• **Exercise goal**: Using the records below, transcribe word for word the stretch from the line that contains "Plane and globe." through the line that contains "Resource Management in", both end lines included, and nothing else.

• **Given information**:

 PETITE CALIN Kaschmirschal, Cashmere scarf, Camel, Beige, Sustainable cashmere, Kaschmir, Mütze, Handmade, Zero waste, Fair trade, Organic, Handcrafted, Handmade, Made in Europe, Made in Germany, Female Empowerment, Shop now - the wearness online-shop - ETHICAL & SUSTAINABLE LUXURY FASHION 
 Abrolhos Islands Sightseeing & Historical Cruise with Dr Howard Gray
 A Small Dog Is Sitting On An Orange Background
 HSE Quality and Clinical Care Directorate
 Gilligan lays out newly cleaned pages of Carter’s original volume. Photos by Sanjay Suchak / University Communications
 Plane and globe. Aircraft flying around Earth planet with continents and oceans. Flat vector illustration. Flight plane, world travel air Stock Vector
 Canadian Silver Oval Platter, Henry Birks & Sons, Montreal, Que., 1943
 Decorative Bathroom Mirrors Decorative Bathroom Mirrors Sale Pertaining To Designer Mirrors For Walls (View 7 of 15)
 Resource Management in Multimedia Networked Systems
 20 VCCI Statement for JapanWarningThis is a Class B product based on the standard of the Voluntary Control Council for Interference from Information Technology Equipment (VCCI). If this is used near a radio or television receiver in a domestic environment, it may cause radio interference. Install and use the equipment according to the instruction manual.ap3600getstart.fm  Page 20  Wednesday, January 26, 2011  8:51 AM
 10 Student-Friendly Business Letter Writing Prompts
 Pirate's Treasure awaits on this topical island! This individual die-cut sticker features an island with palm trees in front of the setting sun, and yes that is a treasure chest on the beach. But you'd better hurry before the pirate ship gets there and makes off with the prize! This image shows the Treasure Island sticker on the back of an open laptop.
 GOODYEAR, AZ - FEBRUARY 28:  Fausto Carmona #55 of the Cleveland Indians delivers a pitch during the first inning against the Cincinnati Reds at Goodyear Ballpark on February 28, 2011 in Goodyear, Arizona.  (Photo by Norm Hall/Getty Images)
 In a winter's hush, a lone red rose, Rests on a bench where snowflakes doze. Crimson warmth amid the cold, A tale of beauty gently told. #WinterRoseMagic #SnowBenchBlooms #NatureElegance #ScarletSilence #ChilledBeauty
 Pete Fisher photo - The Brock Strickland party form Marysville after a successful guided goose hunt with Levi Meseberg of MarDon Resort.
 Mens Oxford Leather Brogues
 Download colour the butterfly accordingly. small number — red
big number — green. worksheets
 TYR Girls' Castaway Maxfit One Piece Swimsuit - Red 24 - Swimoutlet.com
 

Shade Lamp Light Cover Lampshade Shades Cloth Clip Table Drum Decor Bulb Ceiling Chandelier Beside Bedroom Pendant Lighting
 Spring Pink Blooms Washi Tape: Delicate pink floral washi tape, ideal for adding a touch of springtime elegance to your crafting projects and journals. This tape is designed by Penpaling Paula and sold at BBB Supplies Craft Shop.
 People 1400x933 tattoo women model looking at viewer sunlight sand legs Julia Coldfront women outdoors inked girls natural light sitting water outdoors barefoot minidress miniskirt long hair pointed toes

• **Output below**:
 Plane and globe. Aircraft flying around Earth planet with continents and oceans. Flat vector illustration. Flight plane, world travel air Stock Vector
 Canadian Silver Oval Platter, Henry Birks & Sons, Montreal, Que., 1943
 Decorative Bathroom Mirrors Decorative Bathroom Mirrors Sale Pertaining To Designer Mirrors For Walls (View 7 of 15)
 Resource Management in Multimedia Networked Systems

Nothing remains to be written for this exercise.